** Opening Dataset entries block **
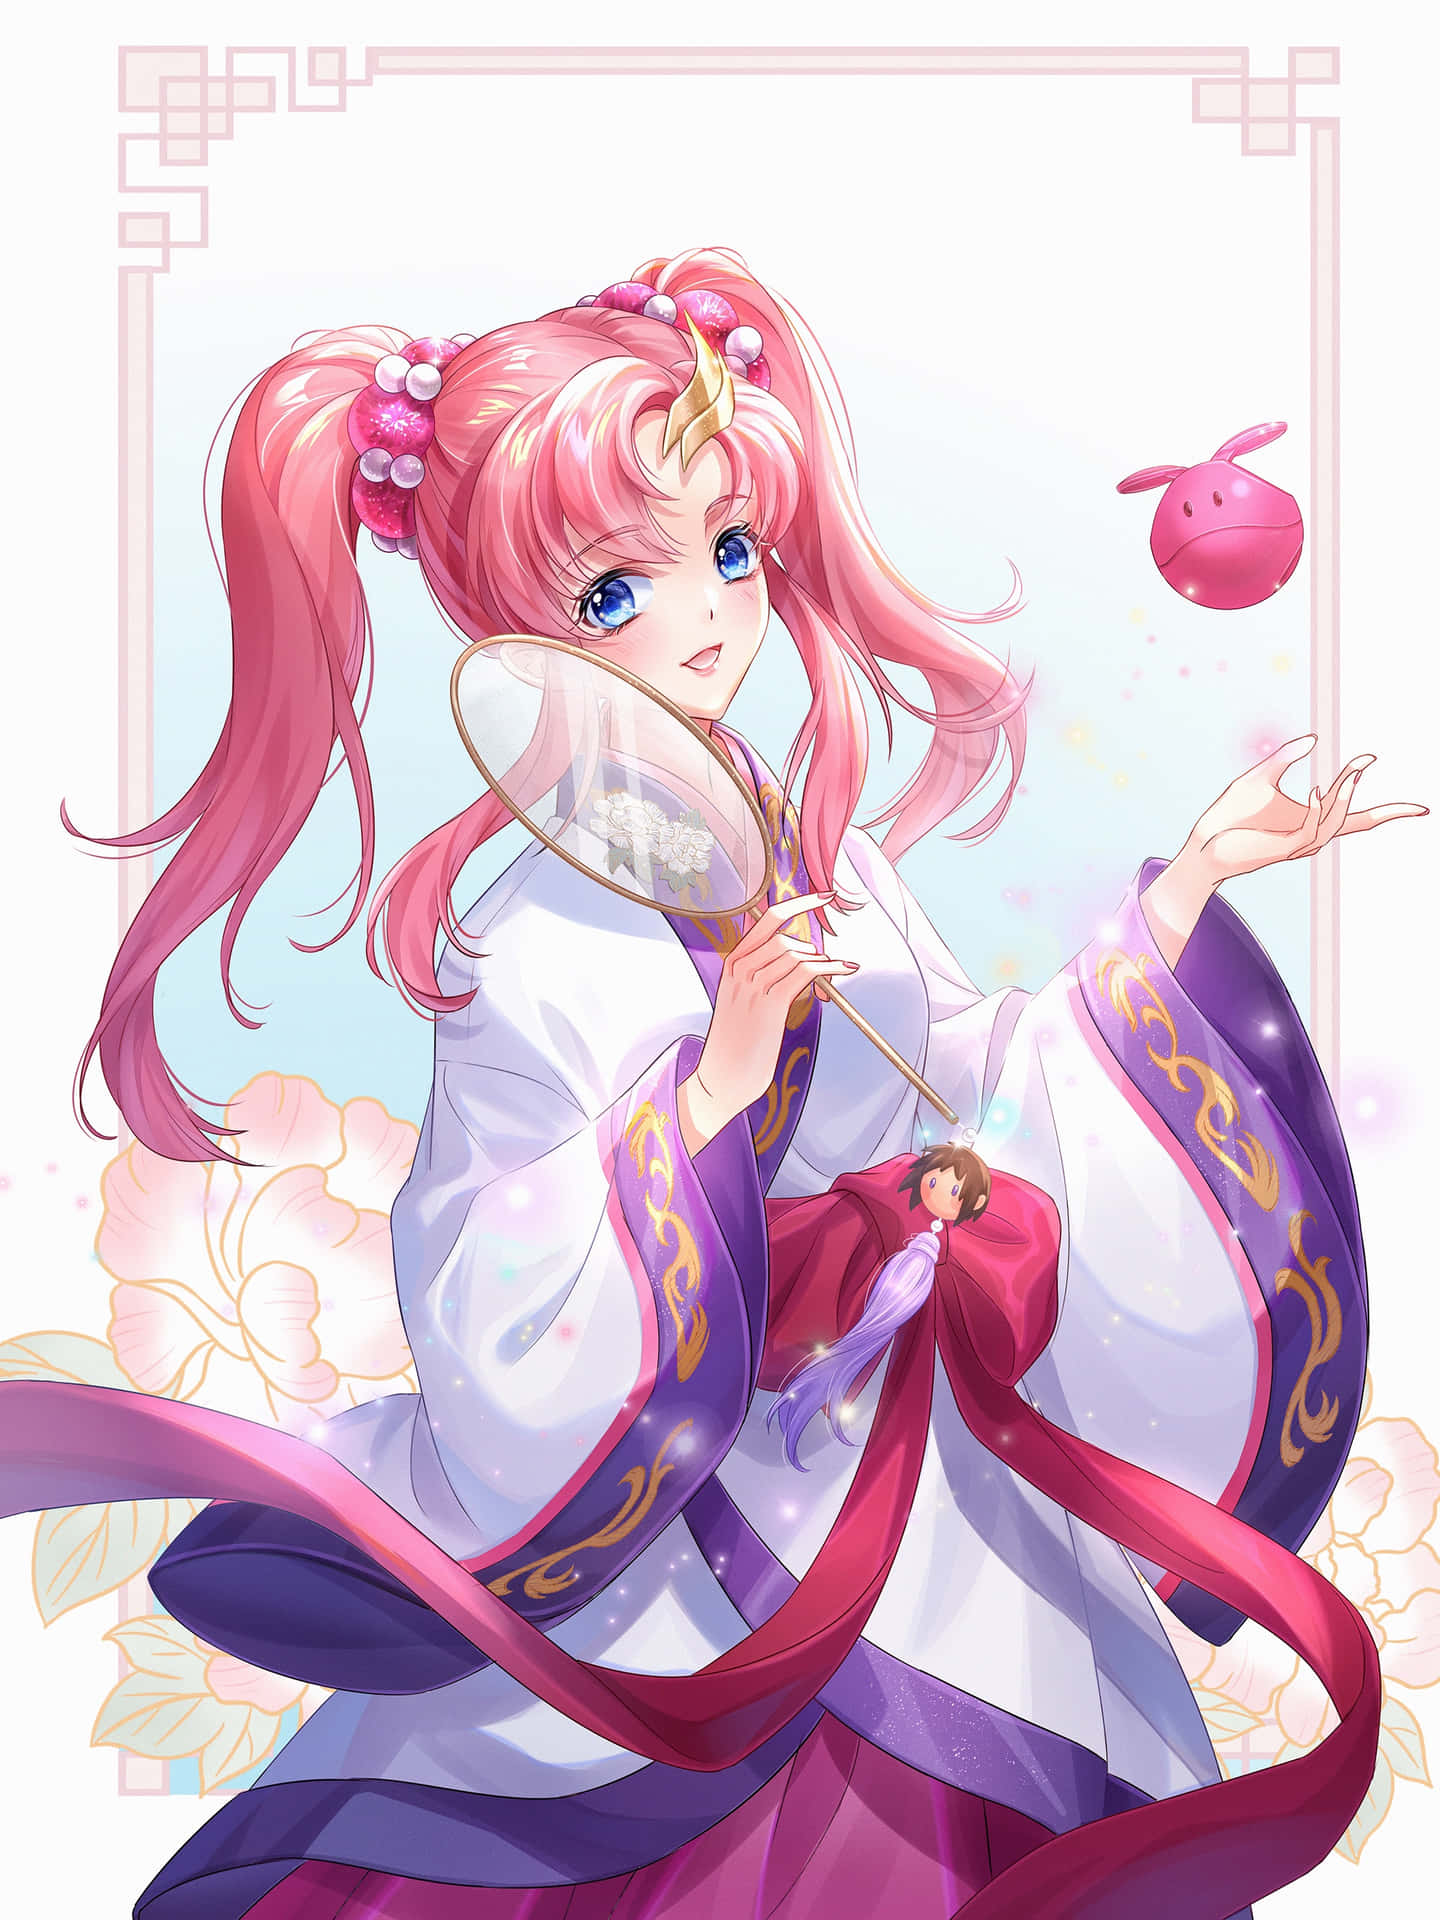 "lacus Clyne – The Melodic Voice Of The Cosmos" Wallpaper
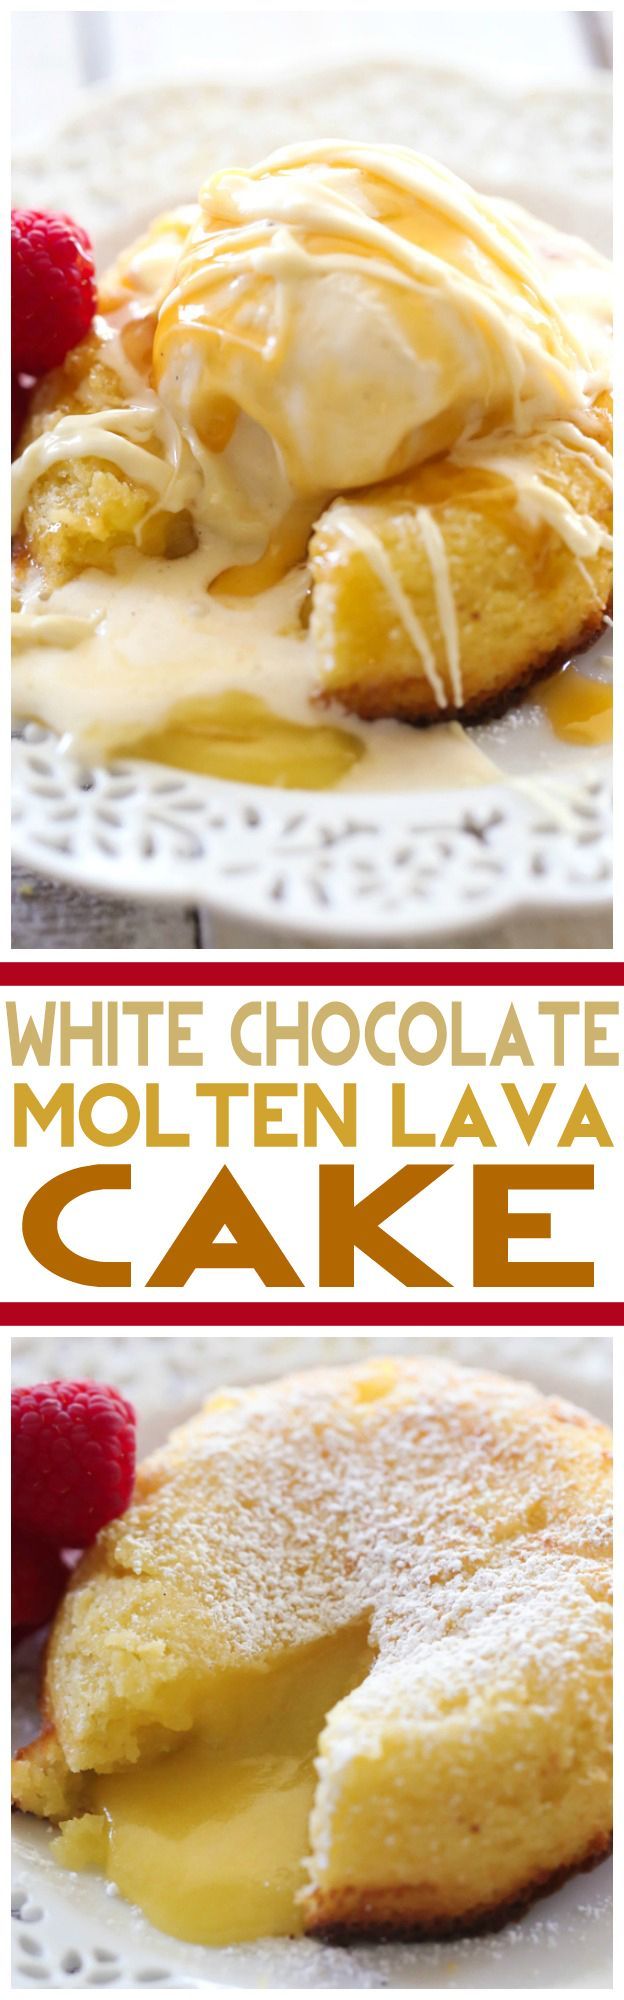 White Chocolate Molten Lava Cake… This cake is truly AMAZING! It is infused with melted goodness in each and every bite. It is
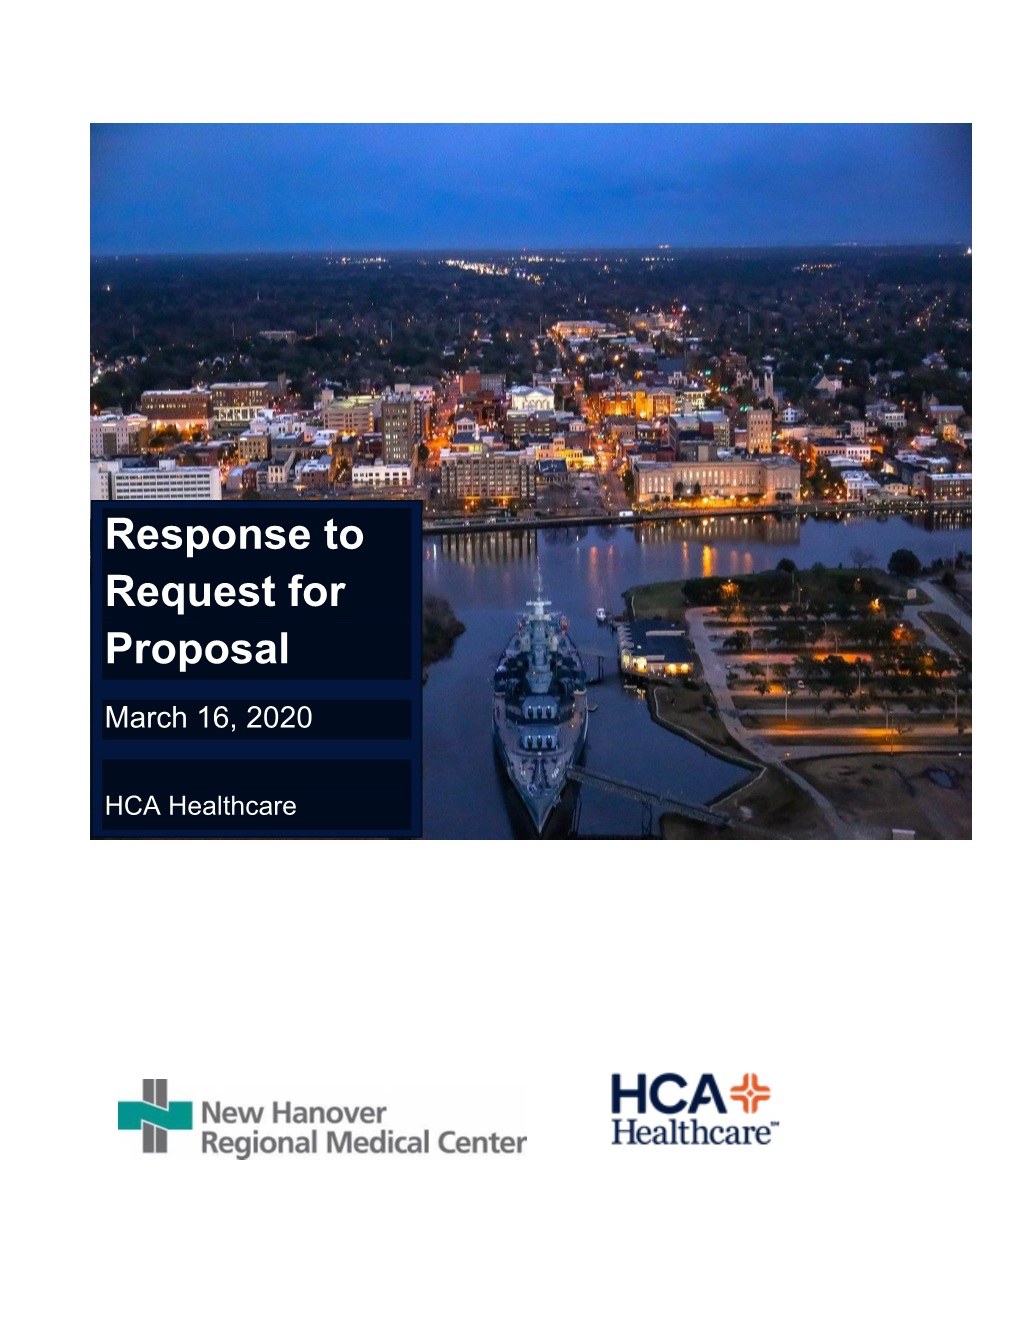 Response to Request for Proposal
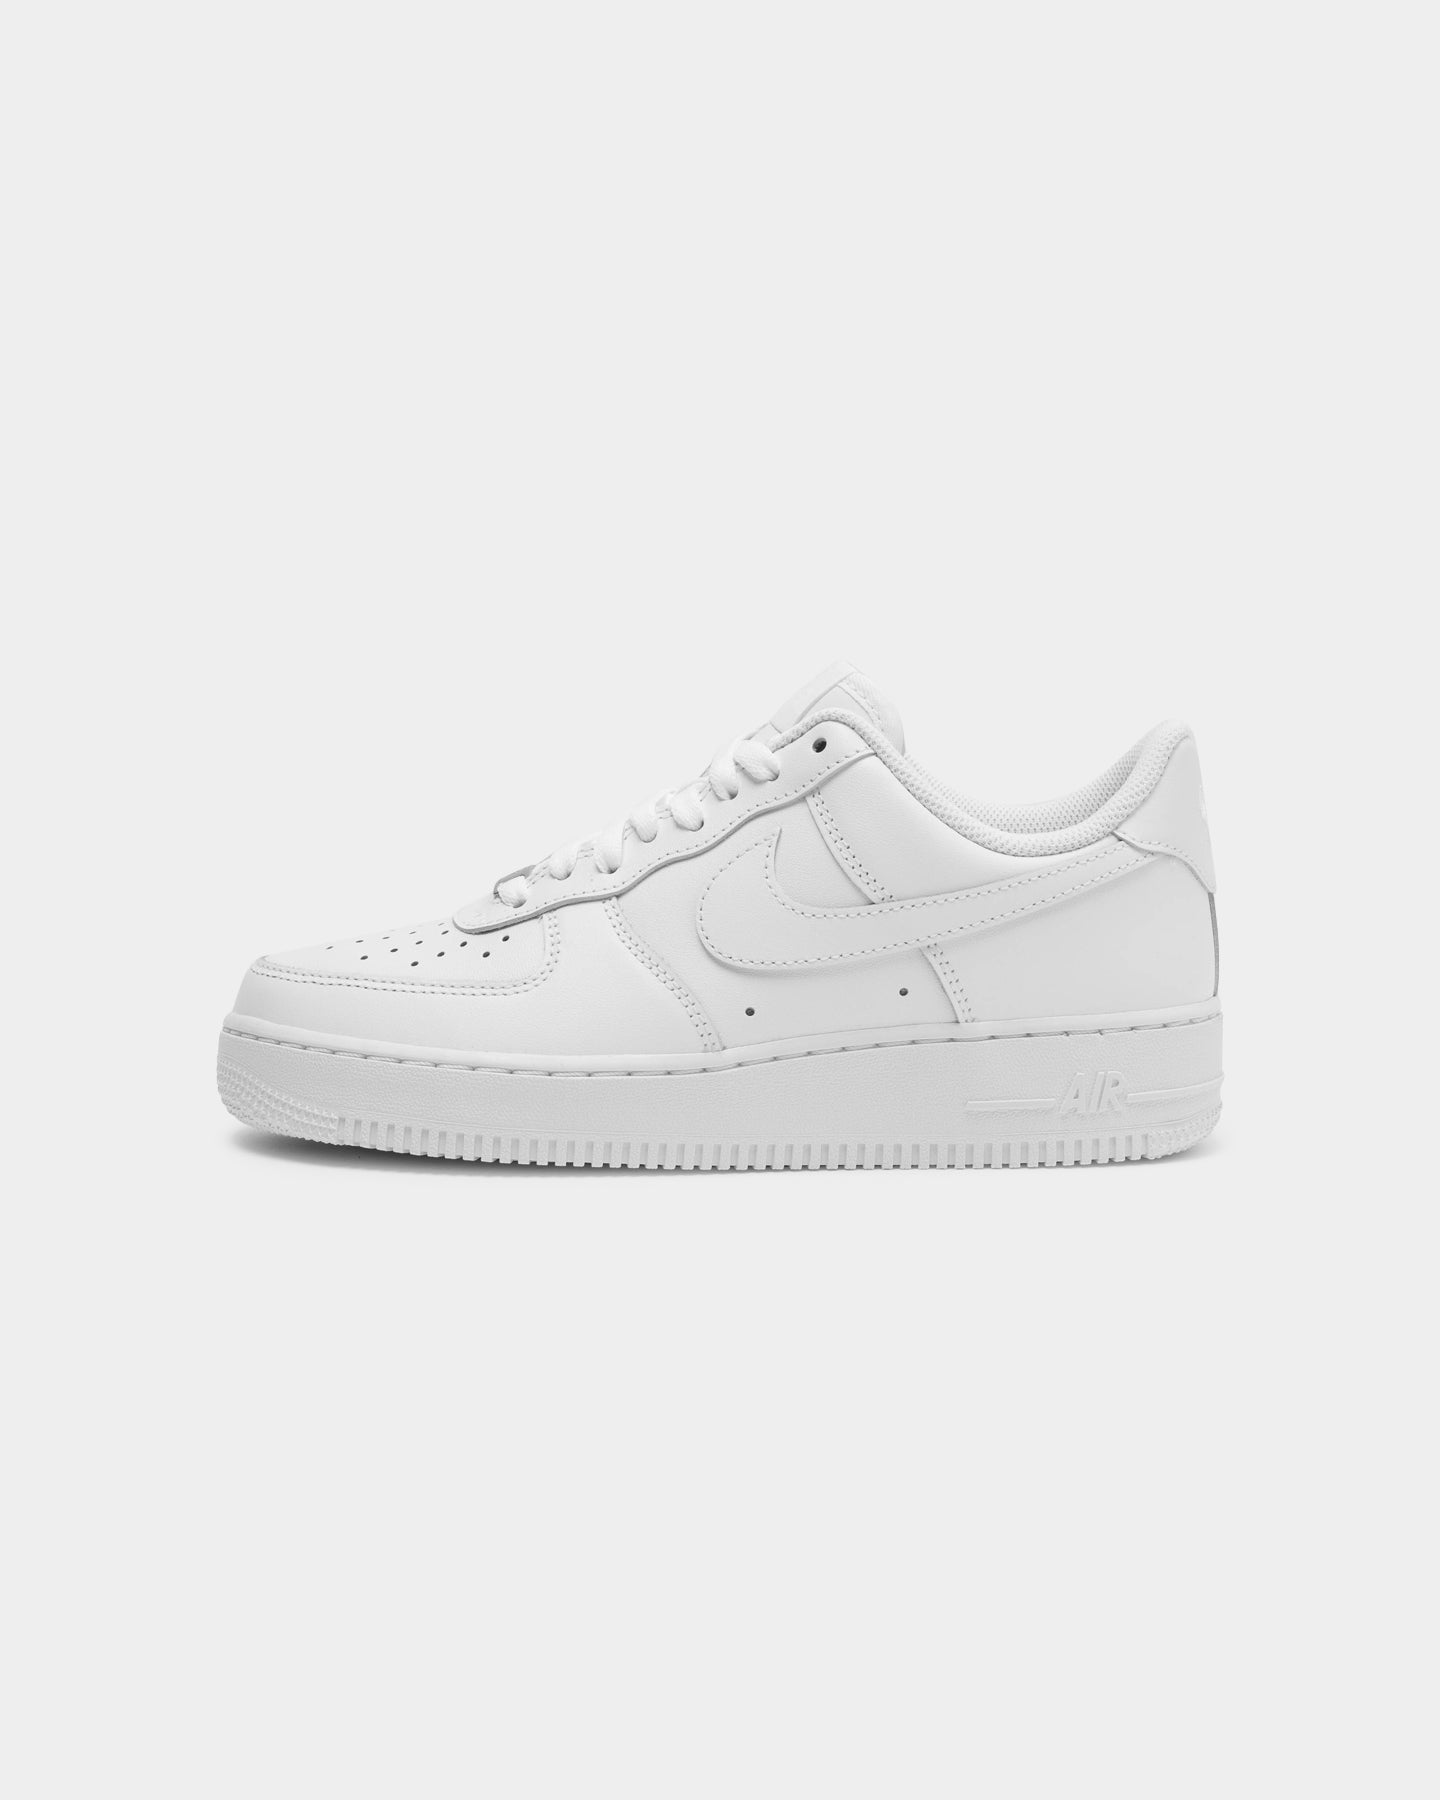 nike air force 1 07 size 8 womens
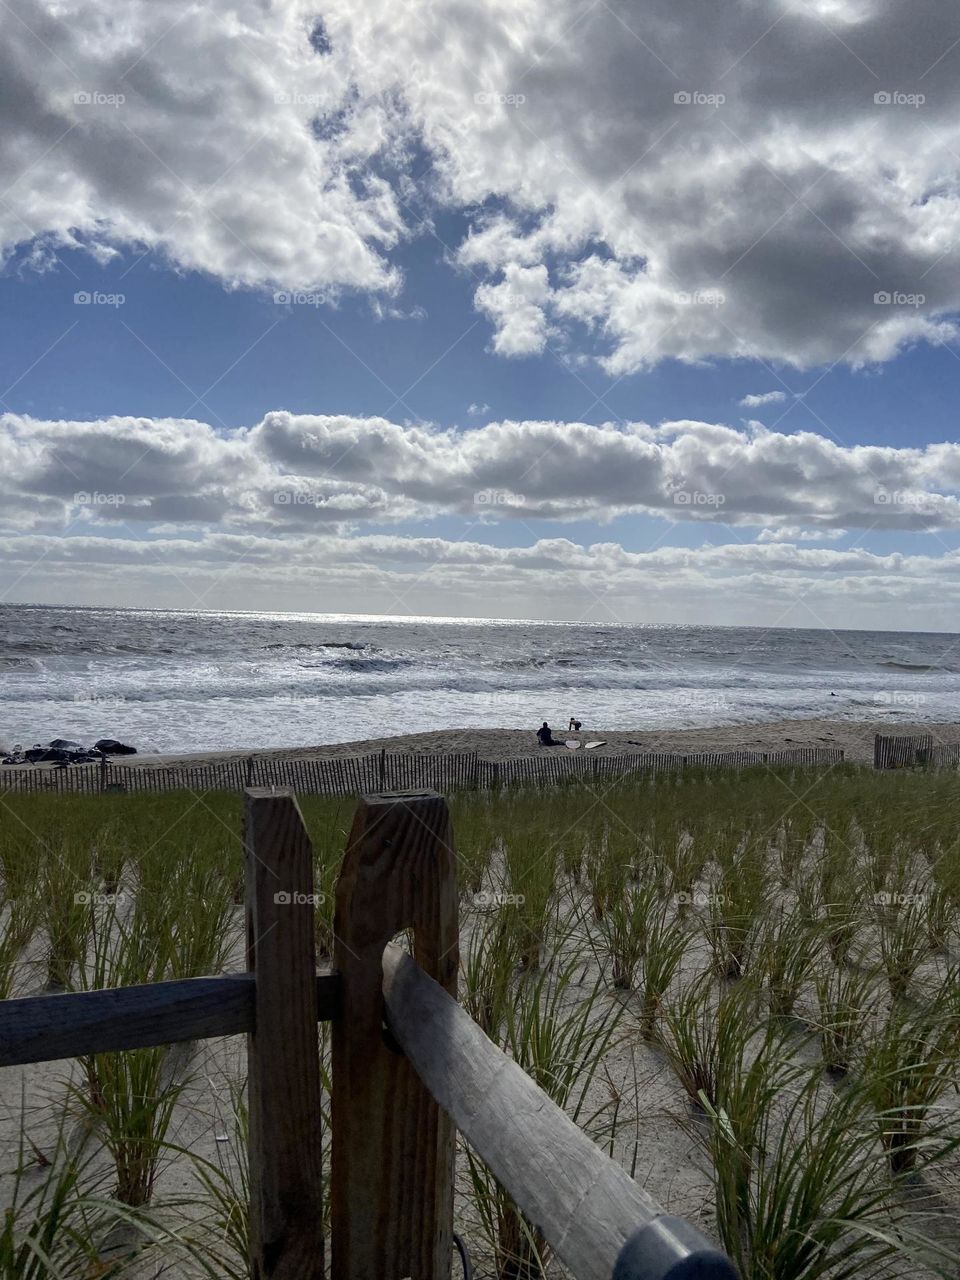 The grass-covered dunes on the beach in Bay Head, NJ. Taken from a platform you reach by stairs that offers an overhead view. Clouds fill the sky above, but in between are patches of bright blue. A few people are on the beach enjoying the ocean.
** Closing Dataset entries block **
:: Problem statement ::
Give back every record above word for word, dropping pictures.

:: Result for this task ::
 "lacus Clyne – The Melodic Voice Of The Cosmos" Wallpaper
 White Chocolate Molten Lava Cake… This cake is truly AMAZING! It is infused with melted goodness in each and every bite. It is
 Response to Request for Proposal
 nike air force 1 07 size 8 womens
 The grass-covered dunes on the beach in Bay Head, NJ. Taken from a platform you reach by stairs that offers an overhead view. Clouds fill the sky above, but in between are patches of bright blue. A few people are on the beach enjoying the ocean.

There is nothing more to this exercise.